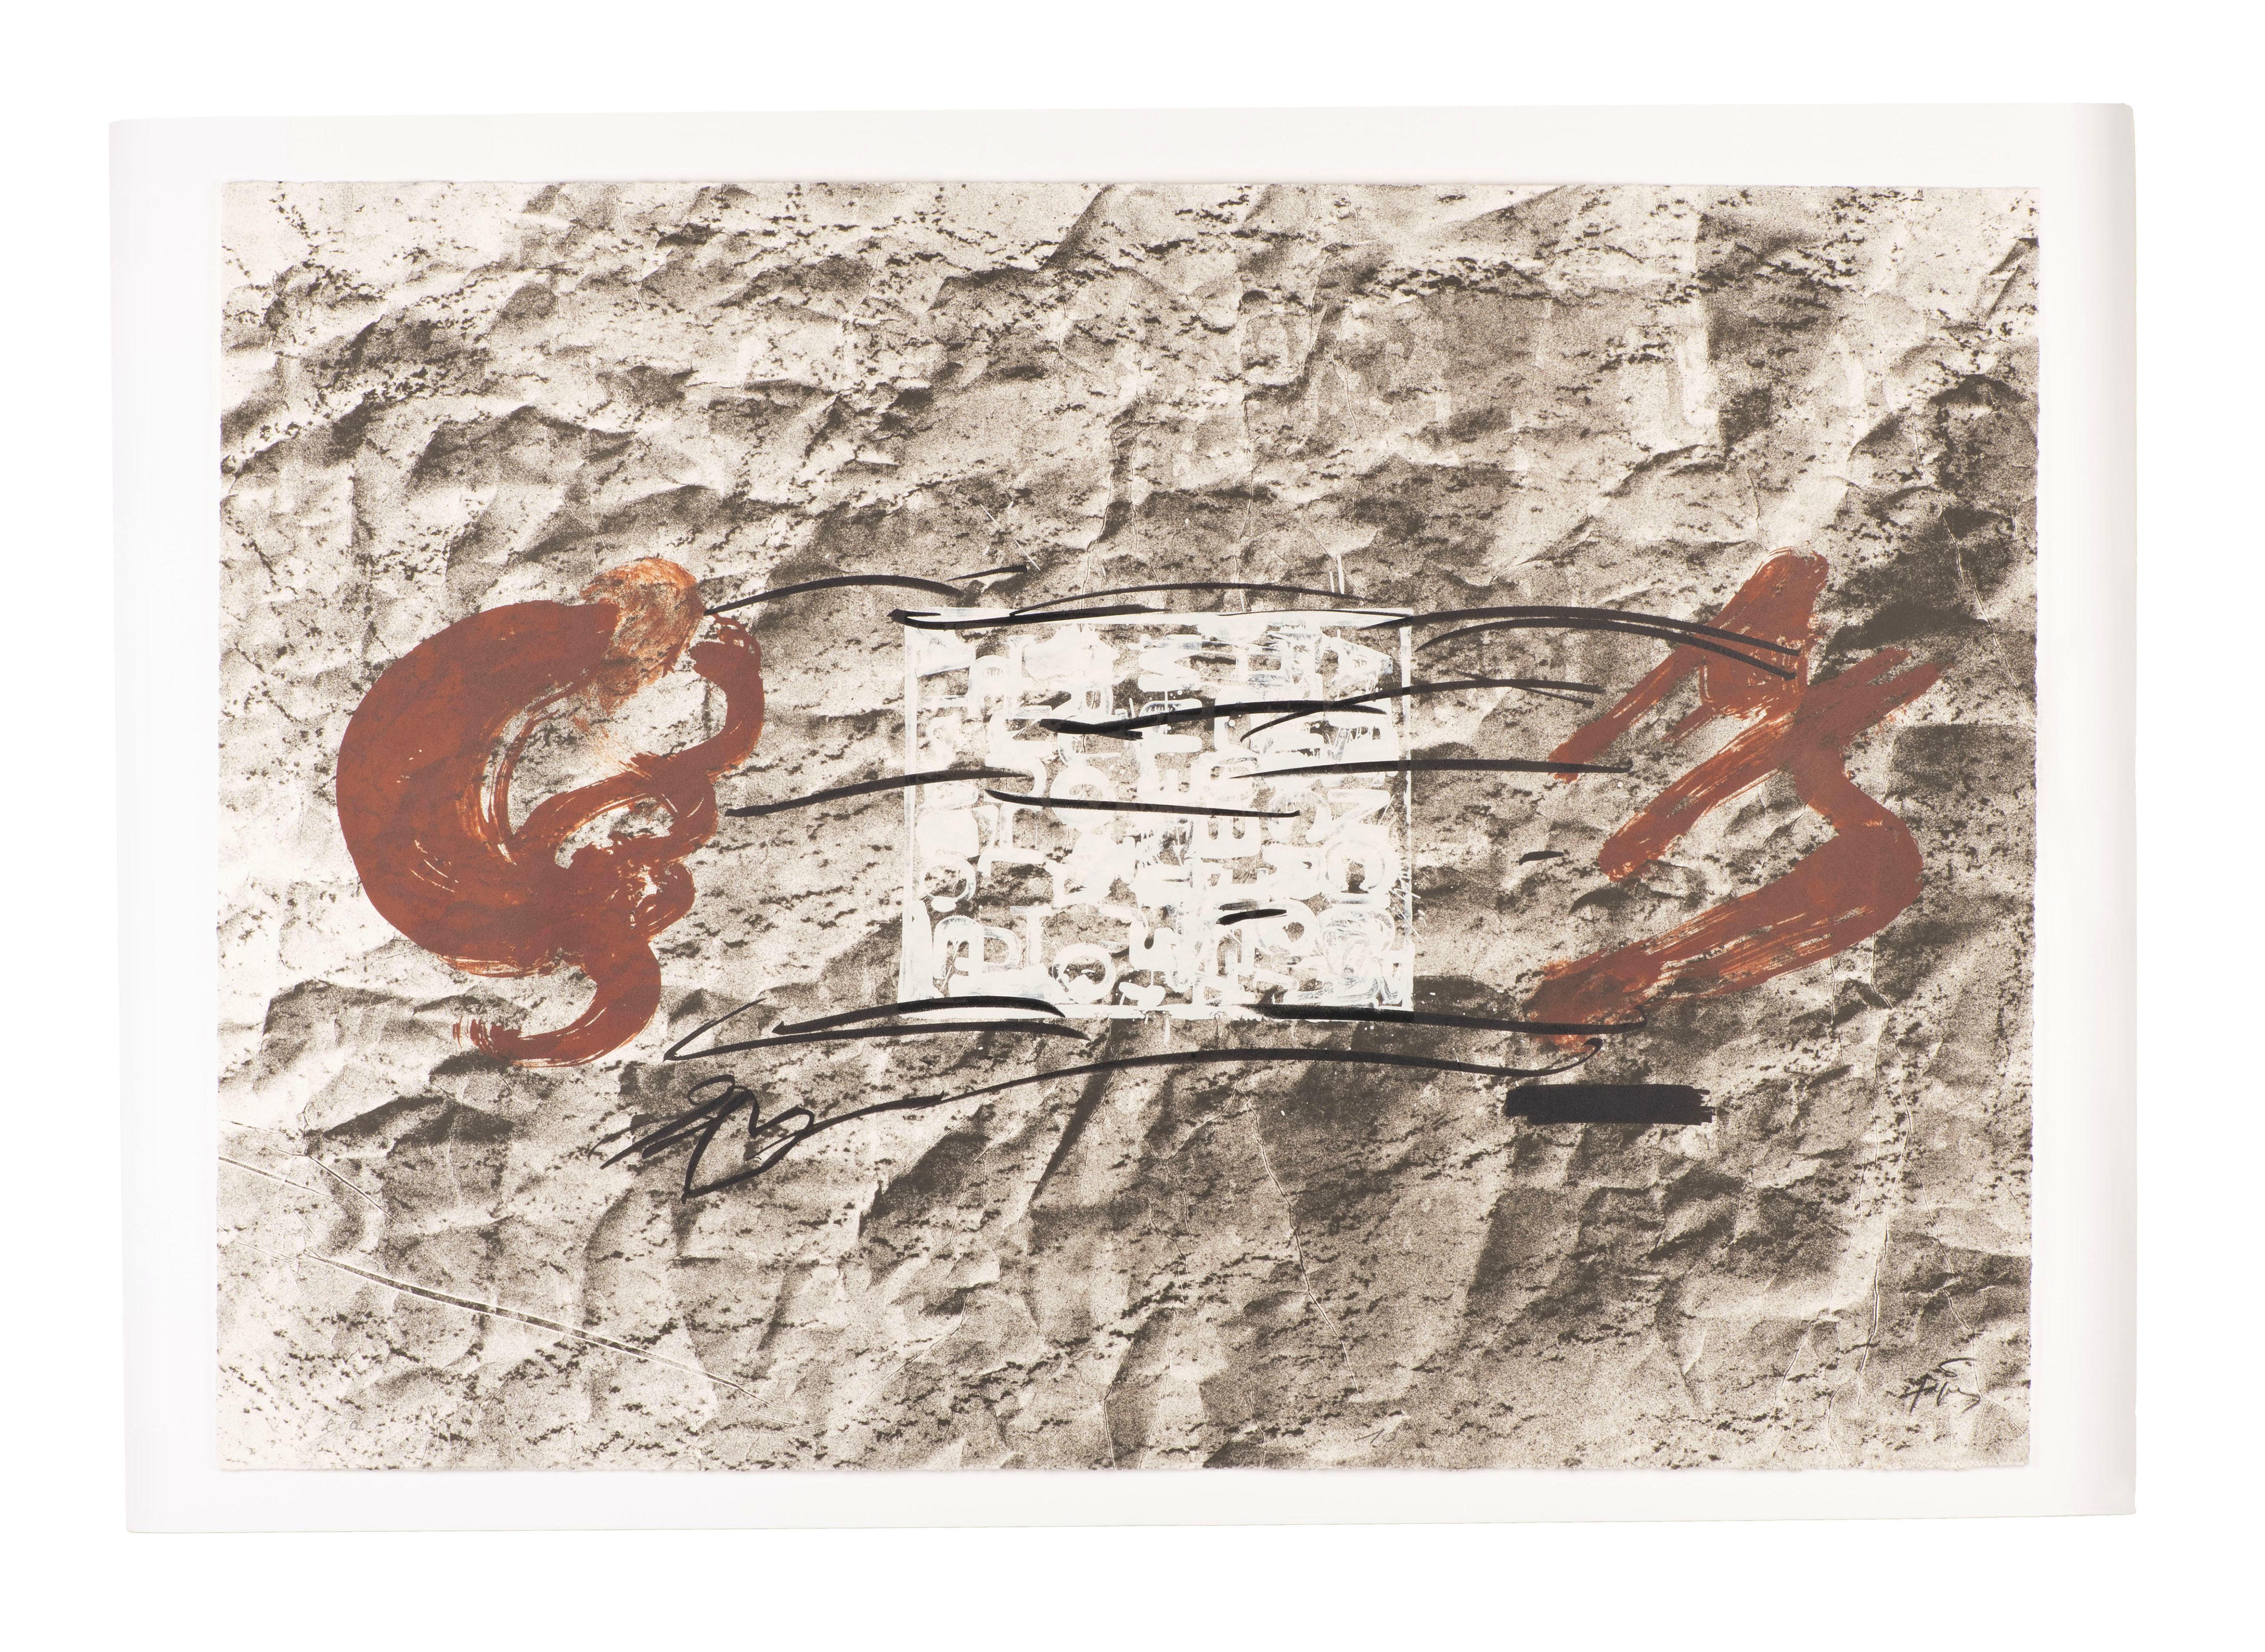 Antoni Tàpies combined rich conceptual concerns with material experimentation and monumental scales. His work was variously informed by early modernists including Paul Klee and Joan Miró and by Art Informel artists, such as Jean Dubuffet, who were
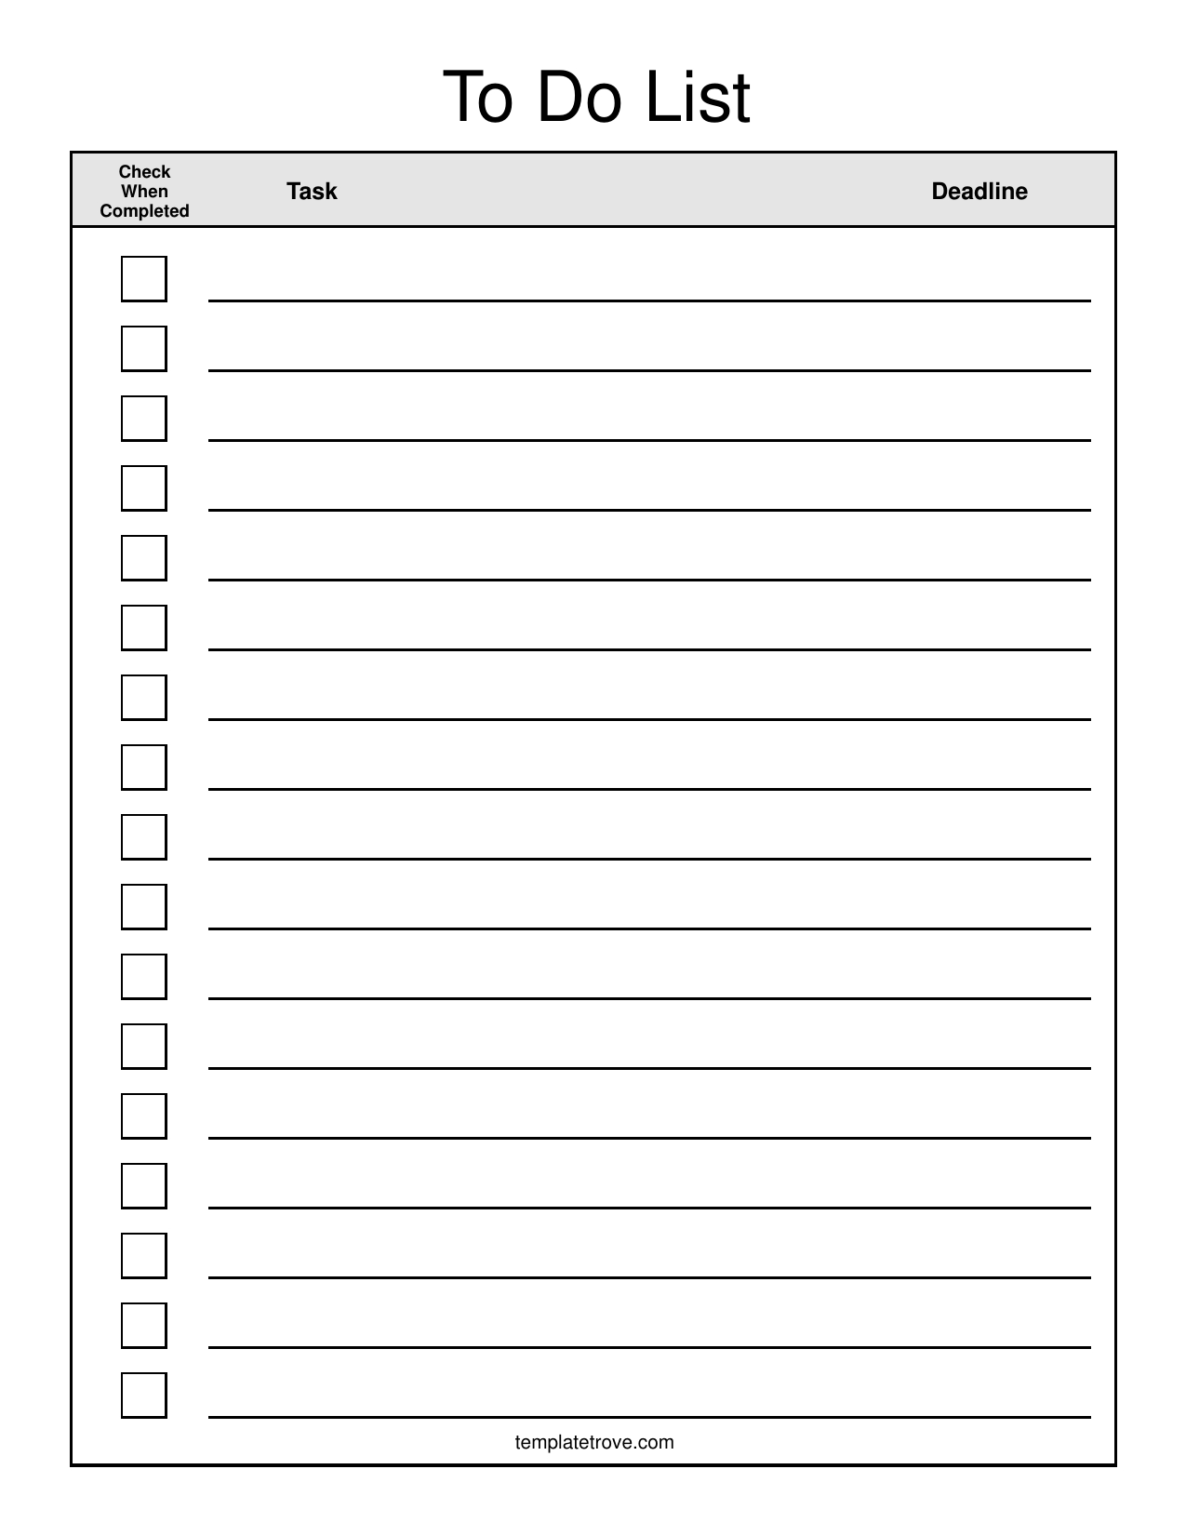 download-to-do-checklist-template-excel-pdf-rtf-word-for-blank-checklist-template-pdf
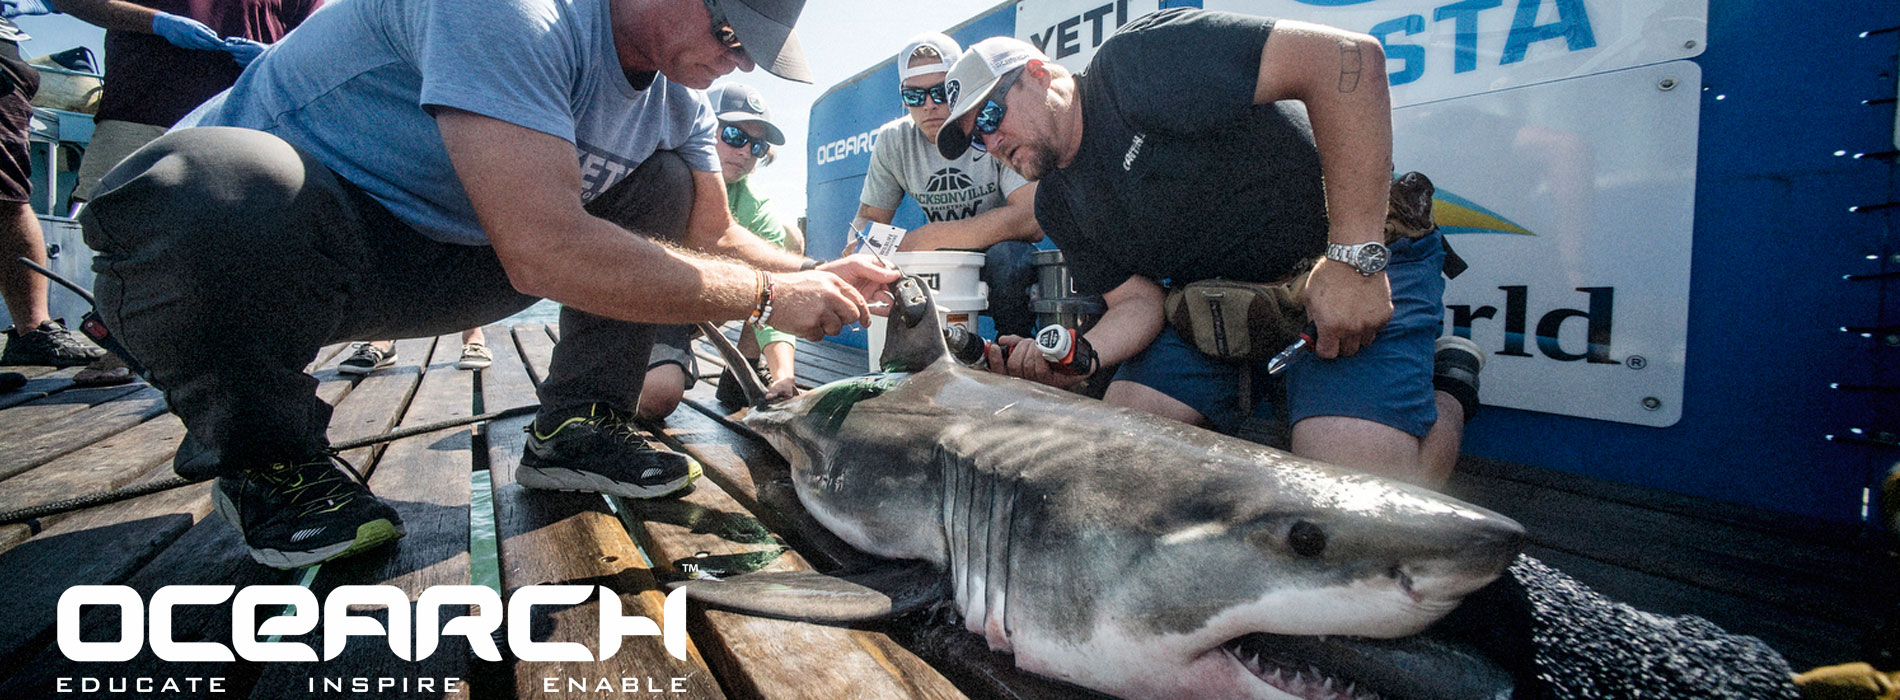 Partnership between SeaWorld and OCEARCH

_WHAT YOU WILL DO_:
The data above must be given again in full and unaltered, minus its images.

_RESULT FOR THIS TASK_:
 Antoni Tàpies combined rich conceptual concerns with material experimentation and monumental scales. His work was variously informed by early modernists including Paul Klee and Joan Miró and by Art Informel artists, such as Jean Dubuffet, who were
 download-to-do-checklist-template-excel-pdf-rtf-word-for-blank-checklist-template-pdf
 Partnership between SeaWorld and OCEARCH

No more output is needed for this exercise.